Reading time: 9 min read


LinkedIn icon
Twitter icon
Facebook icon

Building the Upbound Marketplace to Run Anywhere.

When we set out to build the Upbound Marketplace, we knew the functionality it offered would be useful in a variety of contexts. With that in mind, we architected a system that could fit into existing customer environments while still being able to scale to handle large amounts of traffic from the Crossplane community, which continues to grow at an impressive rate. Today we are going to take a deeper look at some of our design decisions, explore how they were implemented, and talk about the places we can go from here.

Just an OCI Image

One of the decisions we made early on in the Crossplane ecosystem was to standardize on OCI images for package distribution. This choice has paid dividends as we continue to leverage the features offered by the image and distribution specifications. One of the immediate benefits it offered was access: nearly every Crossplane user had access to a registry, and tooling to interact with them generically.

The generic aspect is not to be overlooked. When Crossplane packages were first being designed we considered leveraging OCI artifacts, which were in their early stages of development, as a solution. However, until recently, some registries did not support artifacts and some only supported some subset of them. In contrast, every registry implementation we have heard of Crossplane users interacting with has supported Crossplane packages from day one because they are just OCI images.

Thanks to the tremendous efforts of working groups in the OCI organization, much progress has been made around the standardization of artifacts, as well as the more recently introduced reference types. We are excited to explore how this work may be leveraged in the Crossplane community and the Upbound Marketplace in the future.

Making this decision wasn’t without a cost. Namely, we needed to be explicit about how Crossplane packages bundled as OCI images would be processed by any conformant Crossplane distributions. Like many open source projects, Crossplane is both an API specification and a reference implementation. Downstream distributions, such as Upbound Universal Crossplane (UXP), must handle Crossplane packages in a uniform manner. To enable this, the xpkg specification was proposed and ratified.

Diagram showing that a image manifest points to multiple layers, in this case with one annotated as base and one annotated as upbound.

Defining a dedicated standard in the context of OCI images allowed for some creative optimizations and extension points. For example, Crossplane Provider packages include both YAML content, which is processed by the Crossplane package manager, and controller binaries which ultimately get run as a container on a node in the cluster. Typically, the binary and supporting content is much larger than the YAML content, and because Crossplane only needs to consider the latter, a convention has been established to store the YAML content in a dedicated layer, which is annotated in the image manifest. Crossplane first fetches the manifest, and if any layer is annotated with io.crossplane.xpkg: base only that layer is fetched and processed.
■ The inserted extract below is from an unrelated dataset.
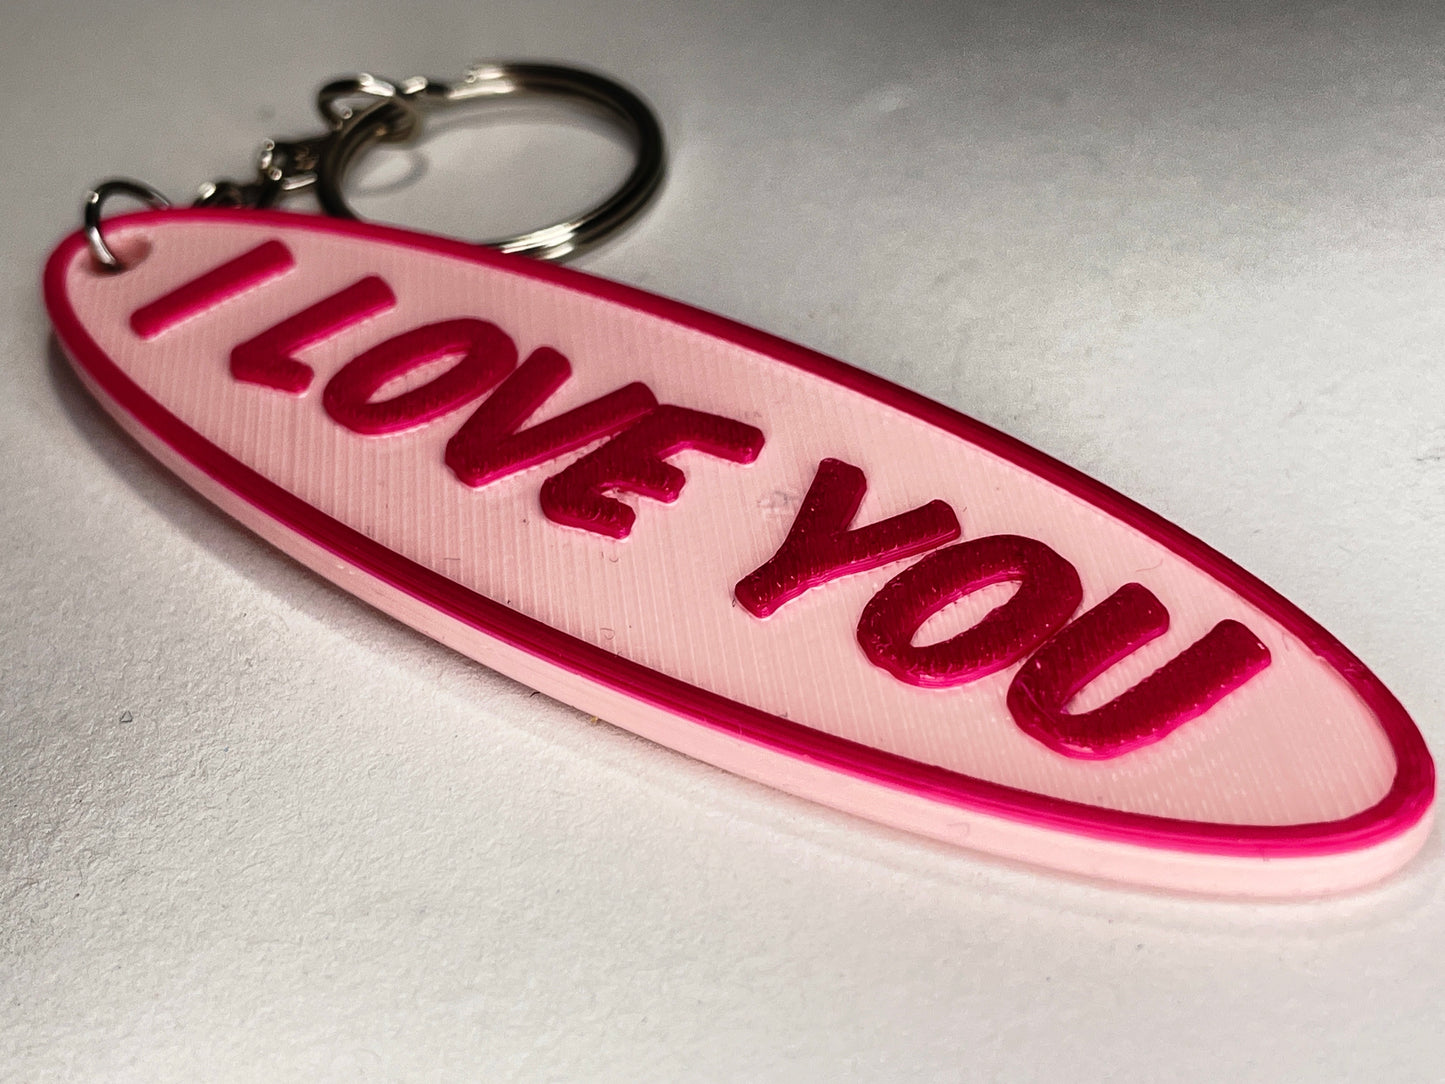 Personalisierbarer Schlüsselanhänger mit Wunschtext - Einzigartiges Accessoire aus 3D-gedrucktem PLA-Kunststoff!

The xpkg specification also defines extension points that can be optionally honored by third-party systems. Extensions can be useful if a given Crossplane distribution or registry wants to add custom functionality to packages. Defining extensions within the bounds of the OCI image specification decouples image storage and distribution from other features that may enrich the package management experience. This model provides the foundation for the Upbound Marketplace. If we take a look at the manifest for Upbound’s Official AWS Provider, we’ll notice not only the base layer, but also a layer annotated as upbound:

// =================================
// Layers omitted for brevity.
// =================================

This layer is not considered by the Crossplane package manager, but includes data that can enrich the Upbound Marketplace experience. In this case, the layer contains a YAML stream of examples that are processed when packages are pushed. The secret behind the Upbound Marketplace is that it is not an OCI registry at all (per se), but rather a proxy that sits in front of any OCI registry. This proxy is internally named shimmer – it is a registry shim that implements the OCI distribution specification but doesn’t handle storing blobs or manifests, it simply passes them along to another registry.

Bring Your Own Registry

This architecture provides a number of advantages. Perhaps the greatest benefit is that it, in tandem with Crossplane’s package specification, allows for flexibility in what registry is used to actually store and serve any given image. This is useful internally as we can easily migrate from one registry to another, or, even more interestingly, proxying across multiple registries. For example, for packages used internally at Upbound we may opt to proxy the images to the registry offered by the cloud provider where our services are running, while for some customers we may proxy to a registry running in a specific geographic region. Similarly, Upbound customers who operate in an air-gapped or heavily regulated environment could deploy an on-prem version of the Upbound Marketplace in front of their own internal registry, allowing them to experience all the benefits of automatic documentation, discovery, and searchability, without compromising on compliance.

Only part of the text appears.